Wrong count(*) with cassandra-cql

user934801 picture user934801 · Jan 9, 2012 · Viewed 8.3k times · Source

I tried to create some users for my testing. I created users in a loop from 0..100000 using the cassandra-cql gem for Ruby on Rails, and then I counted the users in my database and there were only 10000 users as result. If I create 9000, everything works fine. First I thought the users didn't exist, but I used the Apollo WebUI for Cassandra, and I could find the user with the id 100000 and users below. Why does this happen?

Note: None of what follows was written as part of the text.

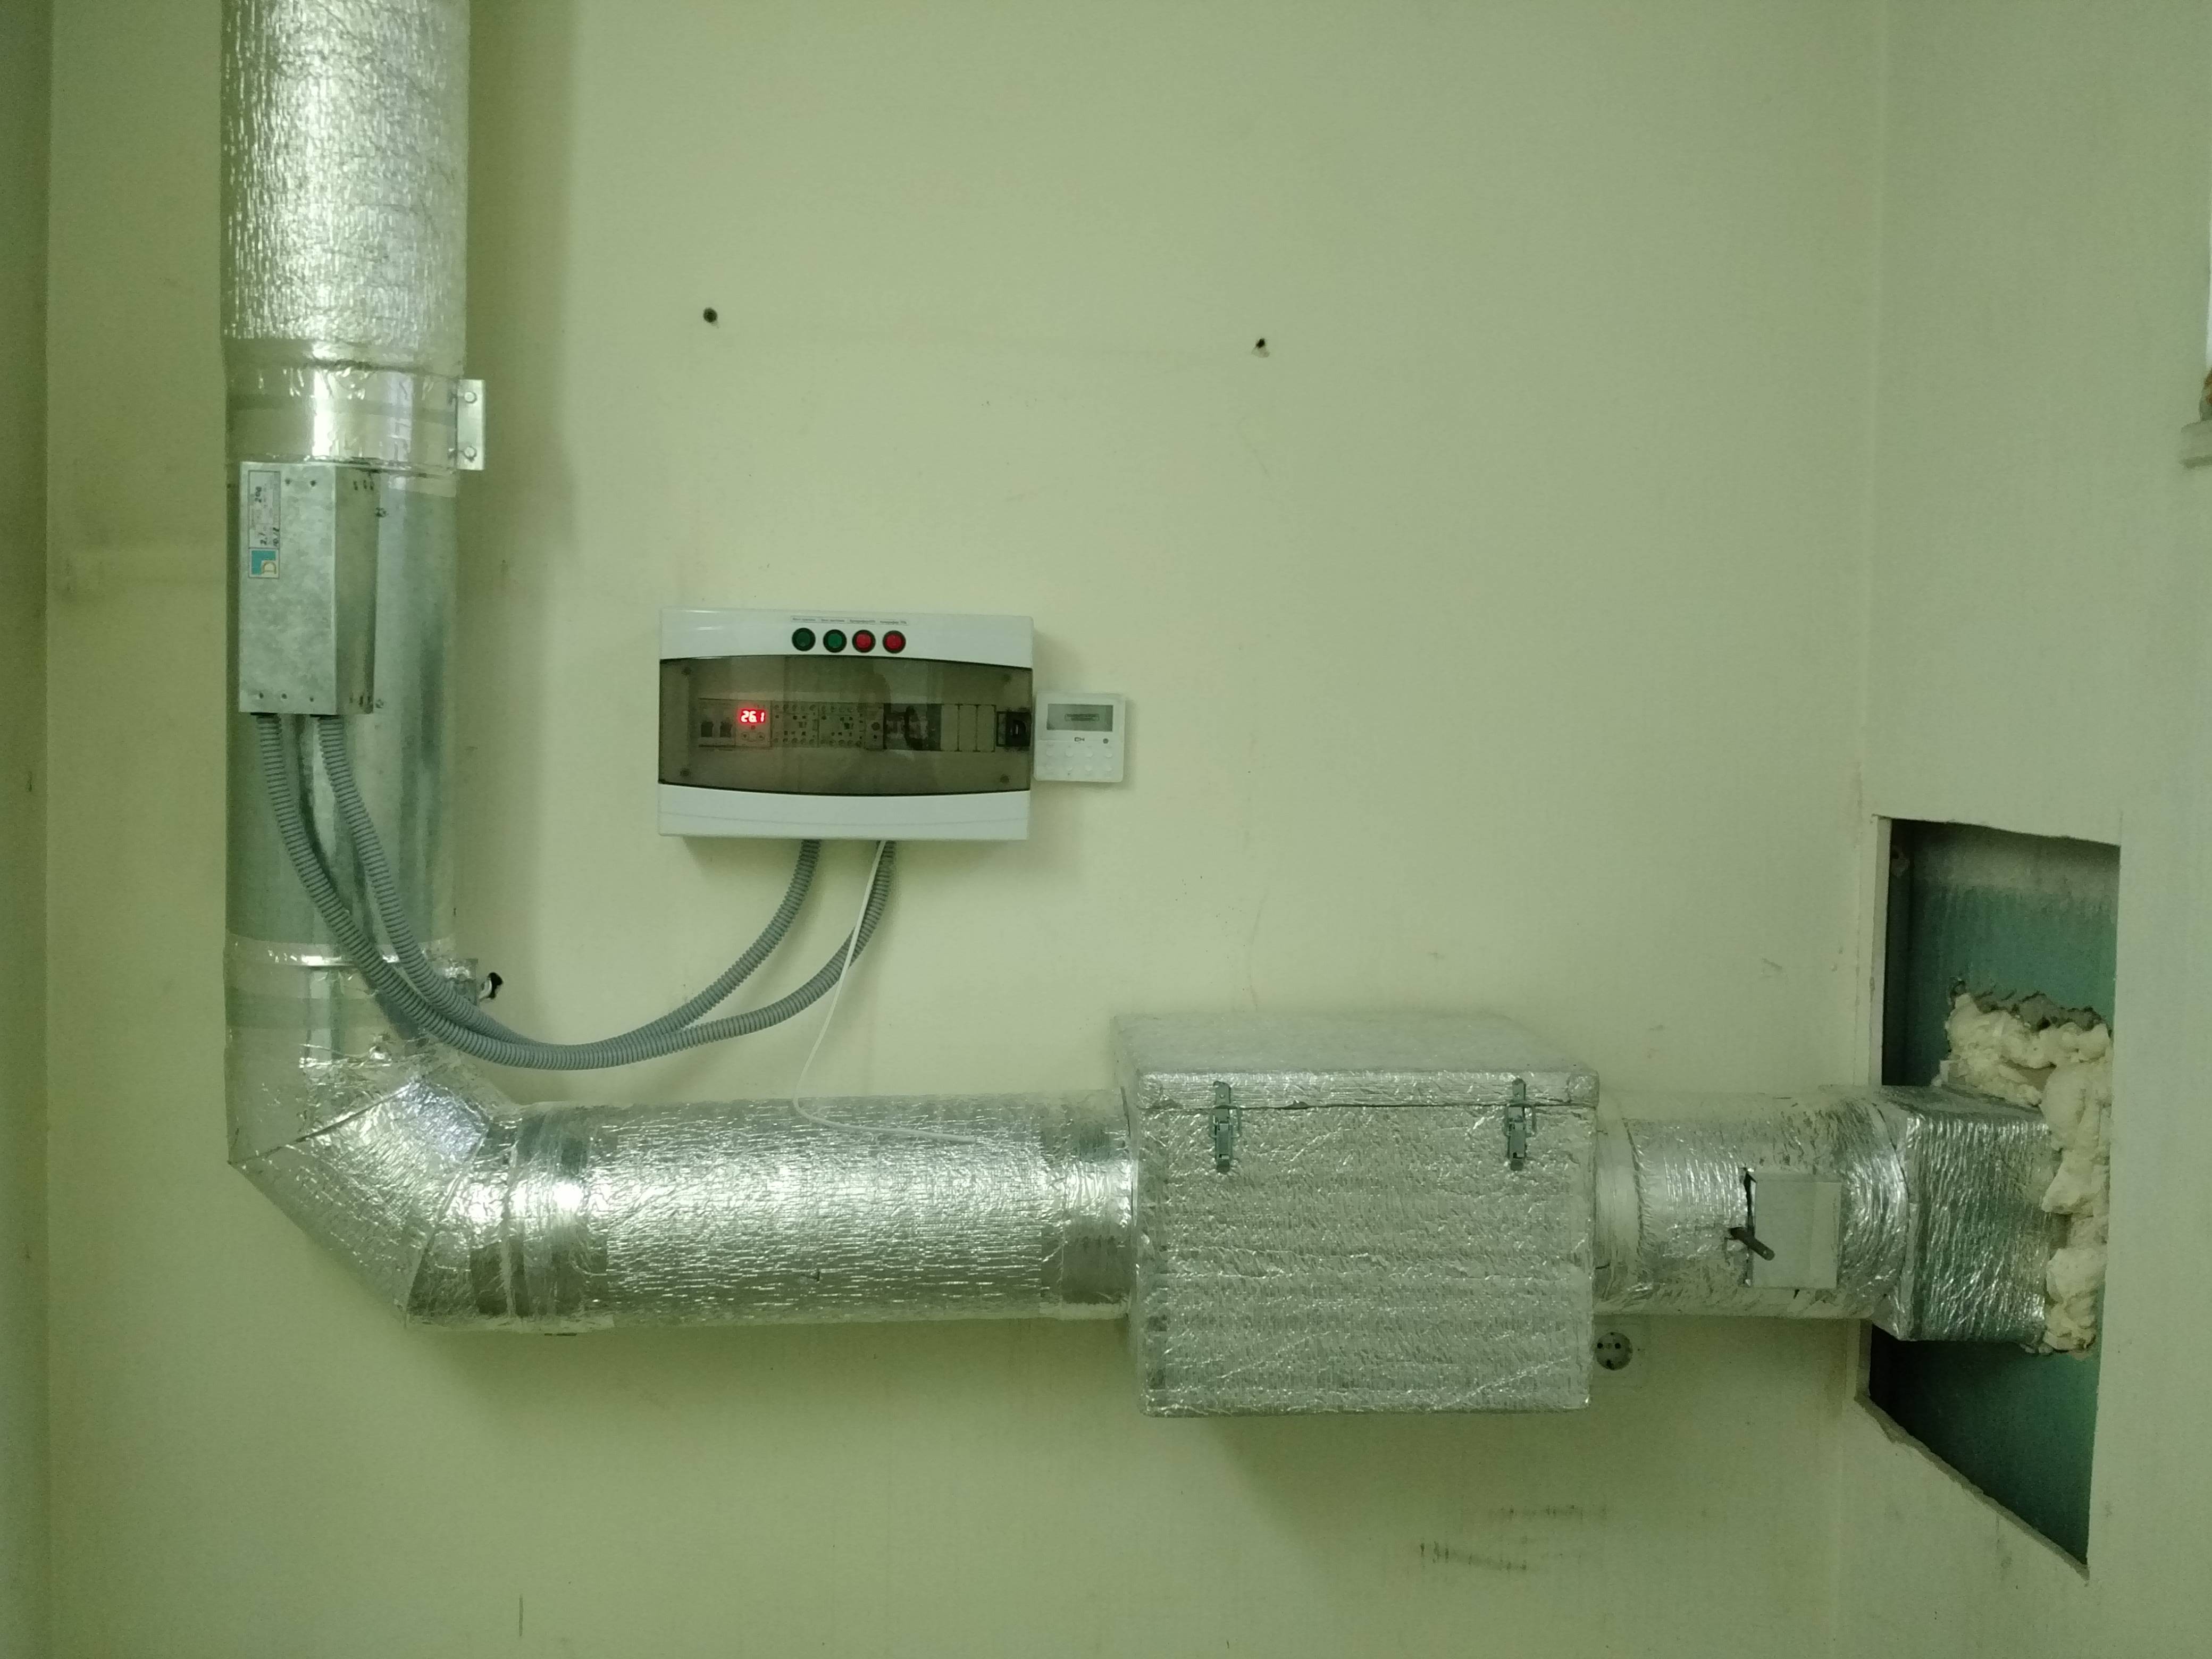 Приточная вентиляция (клапан) с подогревом воздуха для квартиры: выбор, преимущества, установка
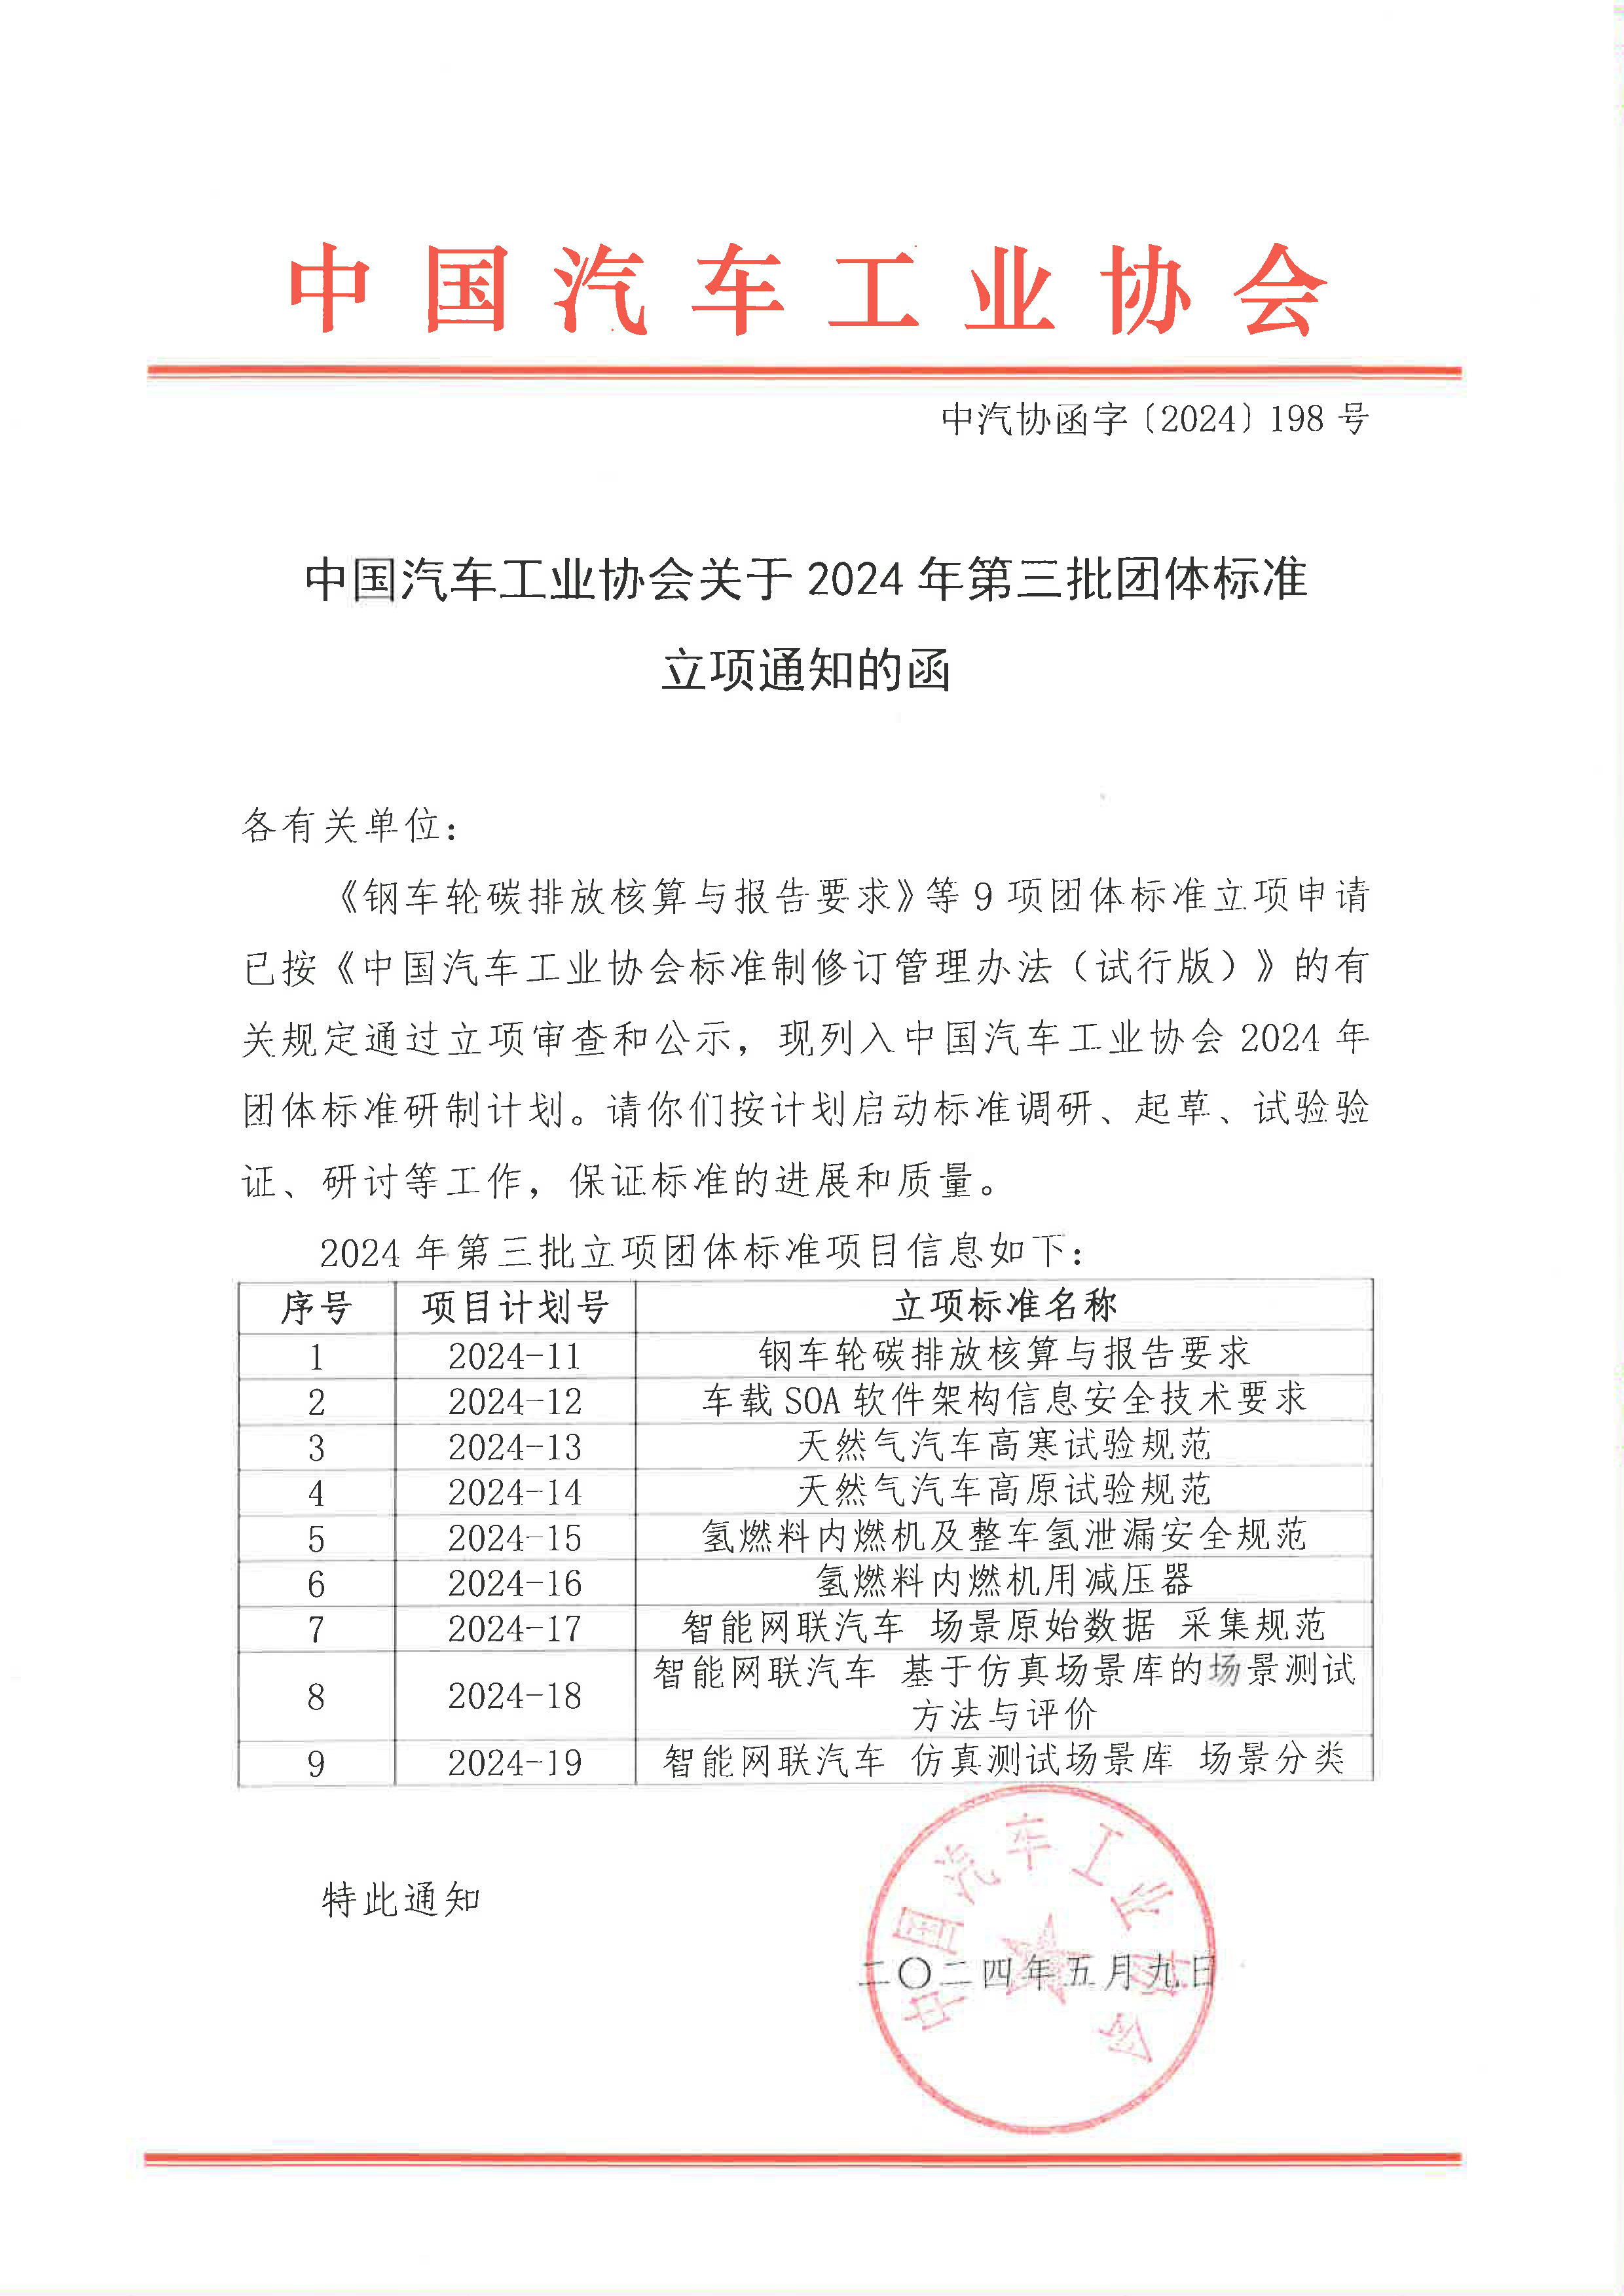 中国汽车工业协会关于2024年第三批团体标准立项通知的函

I know I should use a counter column to provide the number of users in my application, but I want to know if this is a bug or a failure of mine.

def self.create_users
  (0..19000).each do |f|
    @@db.execute("INSERT INTO users (uid, first_name, last_name, email) VALUES (?,?,?,?)", f.to_s, "first_name", "last_name", "email")
  end
end

def self.count_users
  count = @@db.execute("SELECT count(*) FROM users")
  count.fetch do |c|
    return c[0]
  end
end

Answer

psanford picture psanford · Jan 10, 2012

CQL operations limit both the number of rows and the number of columns that will be returned to the user. By default that limit is 10,000. Because the count(*) operation actually has to fetch out all the rows in order to get the count, it is also limited by the default of 10,000 rows. You could increase the limit for the query (although I don't recommend it):

SELECT count(*) FROM users limit 20000;

Note that this is an expensive operation especially when you have a lot of rows. You should anticipate this type of query could take a long time for any medium or large size dataset. If at all possible you should denormalize this count into a counter or some other form that will not require fetching all the rows in your column family.